Carcinoma ex pleomorphic adenoma (CXPA) is an aggressive epithelial and/or myoepithelial neoplasm that arises in association with a pleomorphic adenoma (PA). Its etiopathogenesis remains poorly understood, but it is believed that the development of this tumor is due to the accumulation of genetic, protein, metabolic, and epigenetic alterations in a PA. A retrospective review of the Salivary Gland Tumor Registry in Pilsen yielded 84 CXPA, namely 25/84 salivary duct carcinoma (SDC), 15/84 myoepithelial carcinoma (MC), 1/84 epithelial-myoepithelial carcinoma (EMC), and 1/84 adenoid cystic carcinoma (AdCC). All 84 CXPA cases were analyzed by next-generation sequencing (NGS) and/or fluorescence in situ hybridization (FISH). Forty-three tumors originally diagnosed as CXPA (43/84, 51.2%) showed some molecular alteration.

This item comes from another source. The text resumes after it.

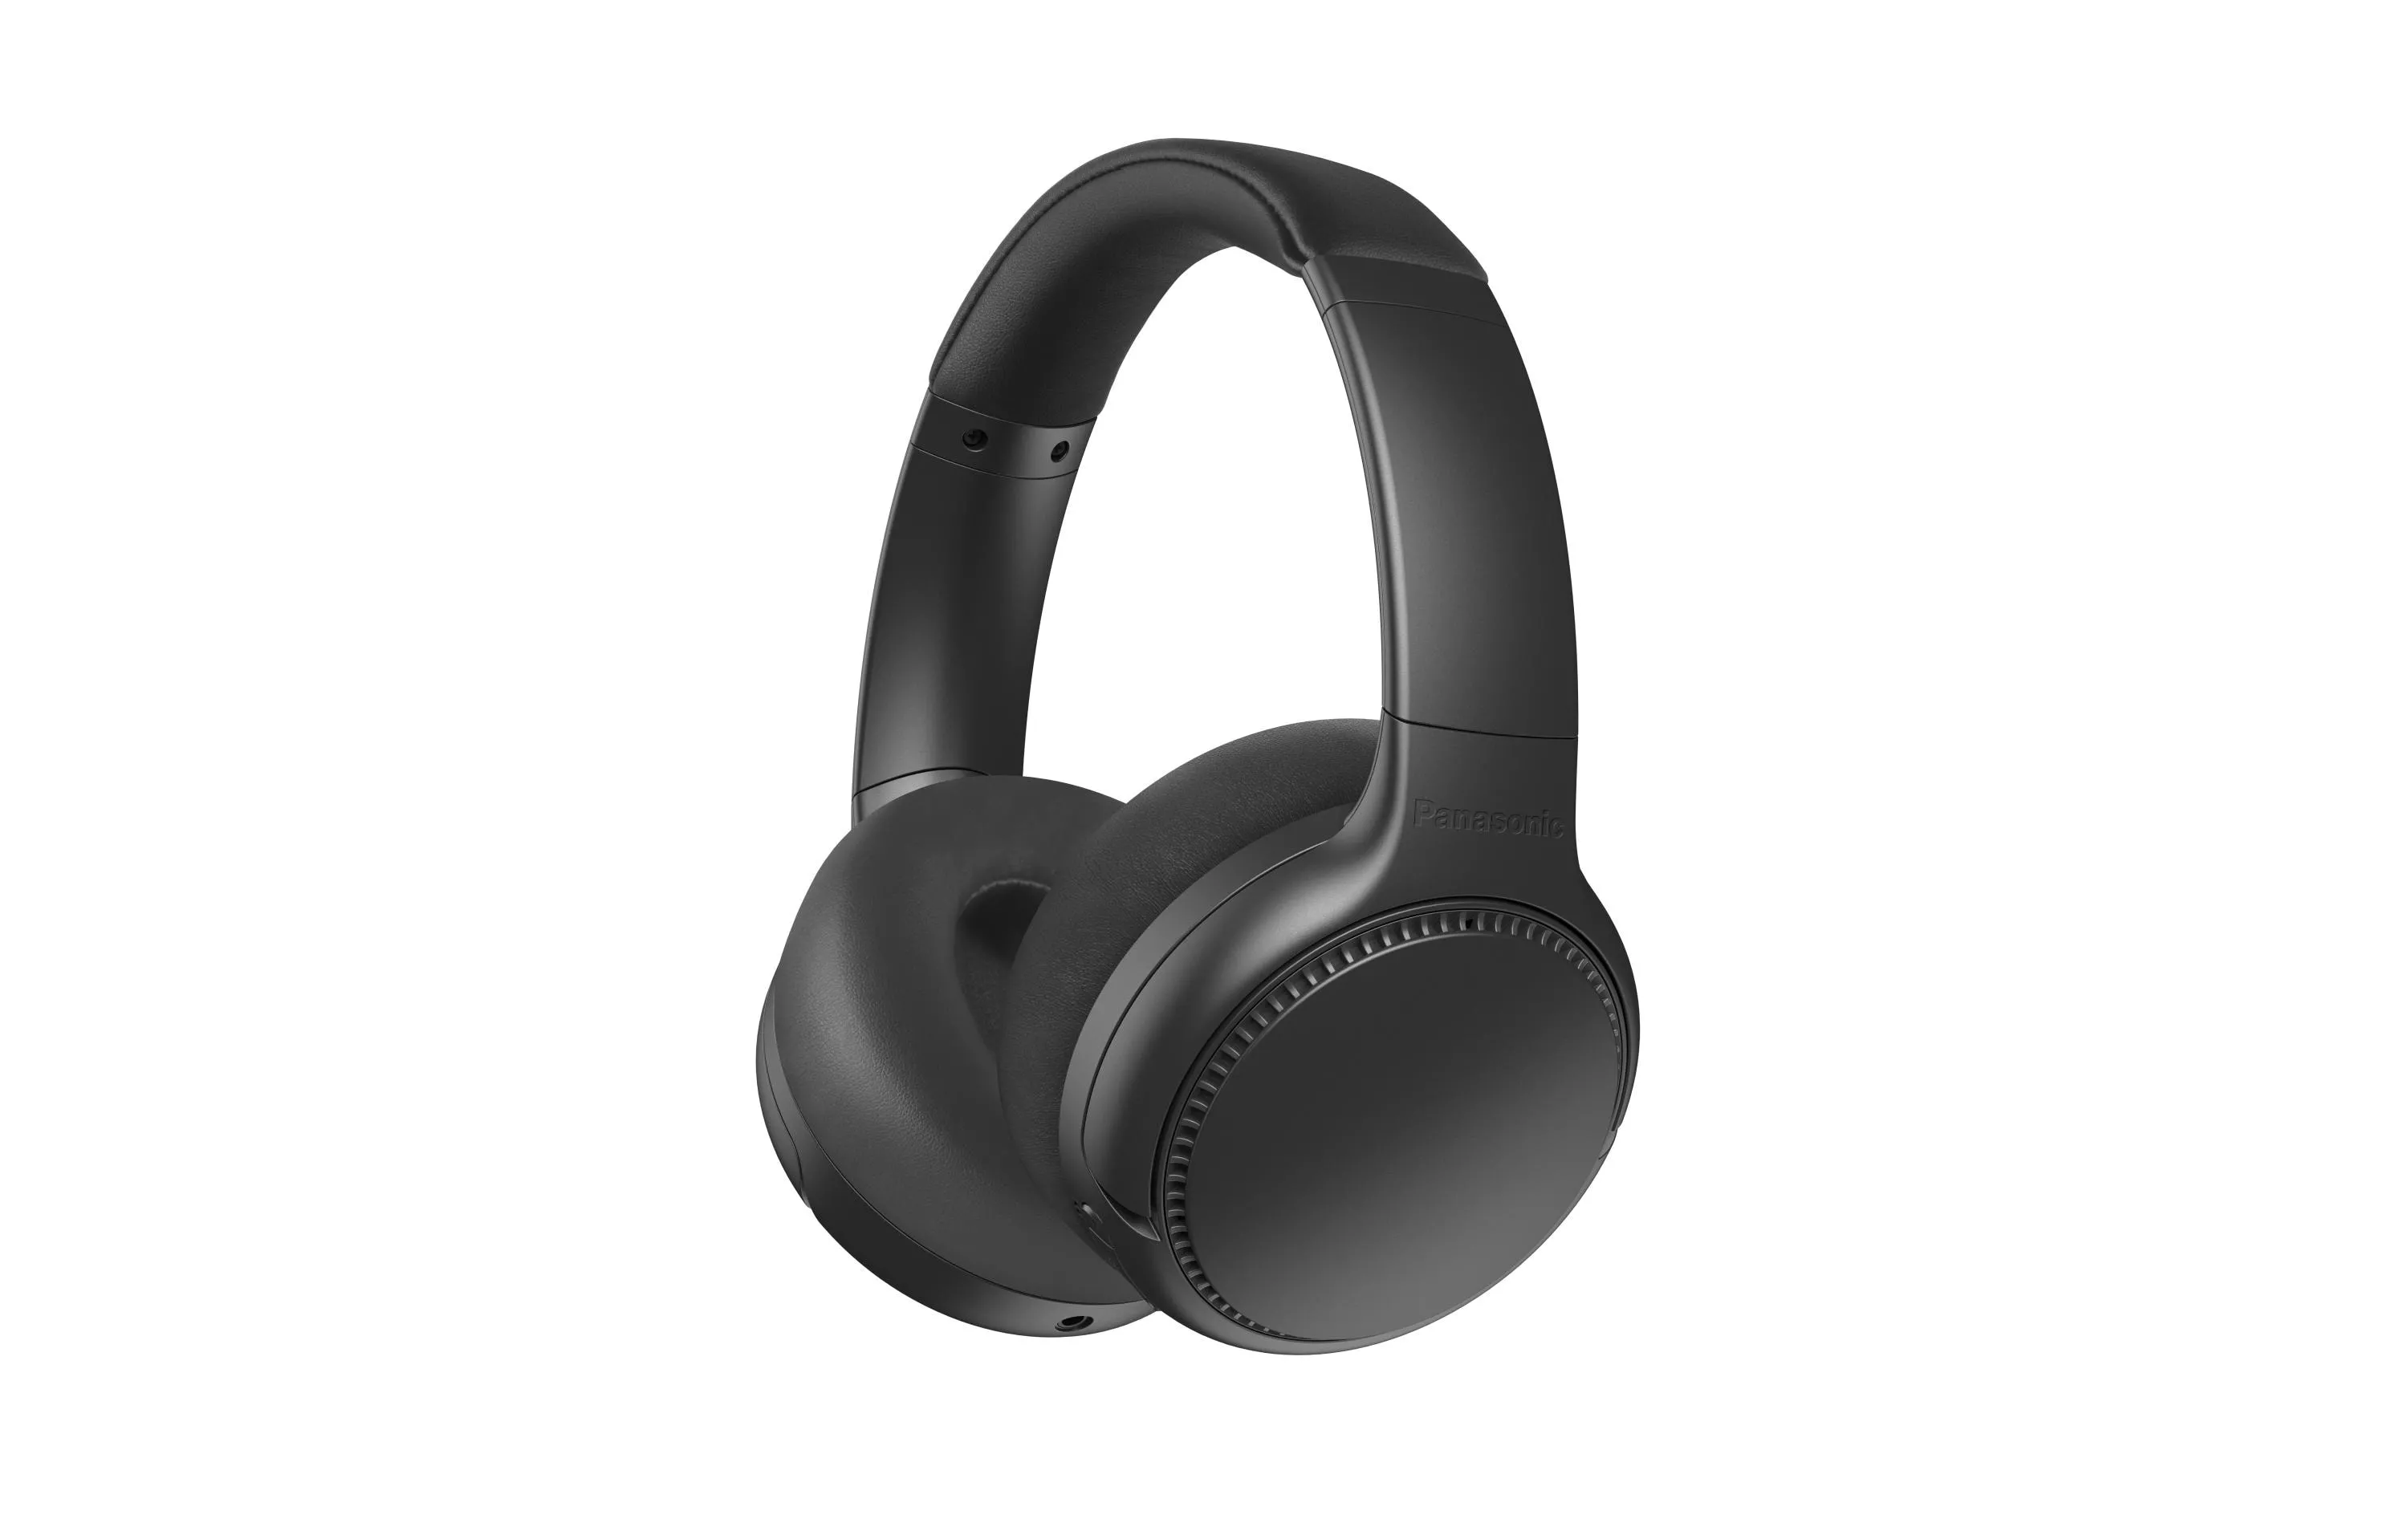 Casques supra-auriculaires Wireless RB-M700BE Noir

Fusion transcripts were identified in 12/16 (75%) CXPA, including LIFR::PLAG1, CTNNB1::PLAG1, FGFR1::PLAG1, and a novel fusion, HMGA2::LINC02389. Most of the fusions were confirmed by FISH using PLAG1 (6/11) and HMGA2 (1/1) gene break probes. Split signals indicating gene break were identified by FISH for PLAG1 (12/17), HMGA2 (3/4), EWSR1 (7/22), and MYB (2/7). Concerning pathogenic mutations, only CXPA with epithelial differentiation (SDC) presented these alterations, including HRAS mutation (2/4), TP53 (1/4), PTEN (1/4), and ATK1 (1/4). In addition, amplifications in ERBB2 (17/35), MDM2 (1/4), and EWSR1 (1/7) were detected. A novel finding was the discovery of an HMGA2::LINC02389 fusion in 1 patient with EMC ex-PA. The present results indicate that molecular profiling of CXPA with myoepithelial differentiation (MC) tends to reveal chromosomal fusion events, whereas CXPA with epithelial differentiation (SDC) tends to have a higher frequency of pathogenic mutations and gene amplifications.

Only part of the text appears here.